START Data for review

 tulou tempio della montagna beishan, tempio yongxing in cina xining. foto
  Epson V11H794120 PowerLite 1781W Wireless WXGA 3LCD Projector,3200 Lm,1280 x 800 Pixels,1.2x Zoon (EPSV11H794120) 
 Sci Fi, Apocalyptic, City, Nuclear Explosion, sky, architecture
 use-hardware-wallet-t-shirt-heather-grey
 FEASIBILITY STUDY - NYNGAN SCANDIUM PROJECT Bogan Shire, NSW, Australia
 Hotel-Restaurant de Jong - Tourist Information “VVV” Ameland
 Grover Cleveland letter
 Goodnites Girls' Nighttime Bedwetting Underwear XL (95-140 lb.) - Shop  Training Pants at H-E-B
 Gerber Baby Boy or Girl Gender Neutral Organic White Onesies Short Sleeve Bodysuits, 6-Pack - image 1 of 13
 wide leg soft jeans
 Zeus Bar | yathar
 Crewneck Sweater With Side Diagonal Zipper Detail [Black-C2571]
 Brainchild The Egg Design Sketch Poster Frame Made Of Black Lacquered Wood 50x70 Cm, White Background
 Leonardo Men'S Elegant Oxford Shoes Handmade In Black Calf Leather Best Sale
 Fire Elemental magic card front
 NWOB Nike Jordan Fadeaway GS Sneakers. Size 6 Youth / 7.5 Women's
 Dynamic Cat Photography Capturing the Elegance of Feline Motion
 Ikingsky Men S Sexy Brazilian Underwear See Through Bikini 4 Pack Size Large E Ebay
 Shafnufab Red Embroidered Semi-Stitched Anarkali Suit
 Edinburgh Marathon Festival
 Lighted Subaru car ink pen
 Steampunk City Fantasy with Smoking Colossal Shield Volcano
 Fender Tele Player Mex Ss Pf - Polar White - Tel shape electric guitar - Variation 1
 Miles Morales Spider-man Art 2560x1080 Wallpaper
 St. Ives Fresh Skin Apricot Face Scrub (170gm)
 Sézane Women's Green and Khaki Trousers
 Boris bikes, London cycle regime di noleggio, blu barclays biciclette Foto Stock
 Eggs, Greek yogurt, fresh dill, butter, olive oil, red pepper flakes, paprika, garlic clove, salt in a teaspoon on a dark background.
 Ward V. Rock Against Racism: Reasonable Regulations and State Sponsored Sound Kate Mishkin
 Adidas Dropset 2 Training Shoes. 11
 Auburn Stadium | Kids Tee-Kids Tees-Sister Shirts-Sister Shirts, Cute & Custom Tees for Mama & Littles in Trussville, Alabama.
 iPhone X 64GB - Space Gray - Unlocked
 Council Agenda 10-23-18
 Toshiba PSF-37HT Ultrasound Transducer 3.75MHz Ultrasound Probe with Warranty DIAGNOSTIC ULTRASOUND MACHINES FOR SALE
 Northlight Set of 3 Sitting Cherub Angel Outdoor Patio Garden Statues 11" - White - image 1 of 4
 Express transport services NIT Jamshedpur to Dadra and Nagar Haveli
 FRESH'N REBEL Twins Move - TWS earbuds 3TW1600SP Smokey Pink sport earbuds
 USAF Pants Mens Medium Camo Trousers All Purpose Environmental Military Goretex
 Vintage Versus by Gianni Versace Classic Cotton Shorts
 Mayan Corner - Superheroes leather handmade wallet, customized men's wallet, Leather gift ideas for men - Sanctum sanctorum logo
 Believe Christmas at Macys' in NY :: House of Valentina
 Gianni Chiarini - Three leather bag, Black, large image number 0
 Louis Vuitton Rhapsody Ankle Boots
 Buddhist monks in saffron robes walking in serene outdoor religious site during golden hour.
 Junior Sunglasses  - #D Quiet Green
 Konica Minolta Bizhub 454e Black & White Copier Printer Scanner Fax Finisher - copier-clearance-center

END Data for review

Goal of the exercise:
Start with the line above that contains "FEASIBILITY STUDY - NYNGAN" and end with the line that contains "Adidas Dropset 2 Training Shoes. 11". Write out those lines exactly, and only those.

Response to the task:
 FEASIBILITY STUDY - NYNGAN SCANDIUM PROJECT Bogan Shire, NSW, Australia
 Hotel-Restaurant de Jong - Tourist Information “VVV” Ameland
 Grover Cleveland letter
 Goodnites Girls' Nighttime Bedwetting Underwear XL (95-140 lb.) - Shop  Training Pants at H-E-B
 Gerber Baby Boy or Girl Gender Neutral Organic White Onesies Short Sleeve Bodysuits, 6-Pack - image 1 of 13
 wide leg soft jeans
 Zeus Bar | yathar
 Crewneck Sweater With Side Diagonal Zipper Detail [Black-C2571]
 Brainchild The Egg Design Sketch Poster Frame Made Of Black Lacquered Wood 50x70 Cm, White Background
 Leonardo Men'S Elegant Oxford Shoes Handmade In Black Calf Leather Best Sale
 Fire Elemental magic card front
 NWOB Nike Jordan Fadeaway GS Sneakers. Size 6 Youth / 7.5 Women's
 Dynamic Cat Photography Capturing the Elegance of Feline Motion
 Ikingsky Men S Sexy Brazilian Underwear See Through Bikini 4 Pack Size Large E Ebay
 Shafnufab Red Embroidered Semi-Stitched Anarkali Suit
 Edinburgh Marathon Festival
 Lighted Subaru car ink pen
 Steampunk City Fantasy with Smoking Colossal Shield Volcano
 Fender Tele Player Mex Ss Pf - Polar White - Tel shape electric guitar - Variation 1
 Miles Morales Spider-man Art 2560x1080 Wallpaper
 St. Ives Fresh Skin Apricot Face Scrub (170gm)
 Sézane Women's Green and Khaki Trousers
 Boris bikes, London cycle regime di noleggio, blu barclays biciclette Foto Stock
 Eggs, Greek yogurt, fresh dill, butter, olive oil, red pepper flakes, paprika, garlic clove, salt in a teaspoon on a dark background.
 Ward V. Rock Against Racism: Reasonable Regulations and State Sponsored Sound Kate Mishkin
 Adidas Dropset 2 Training Shoes. 11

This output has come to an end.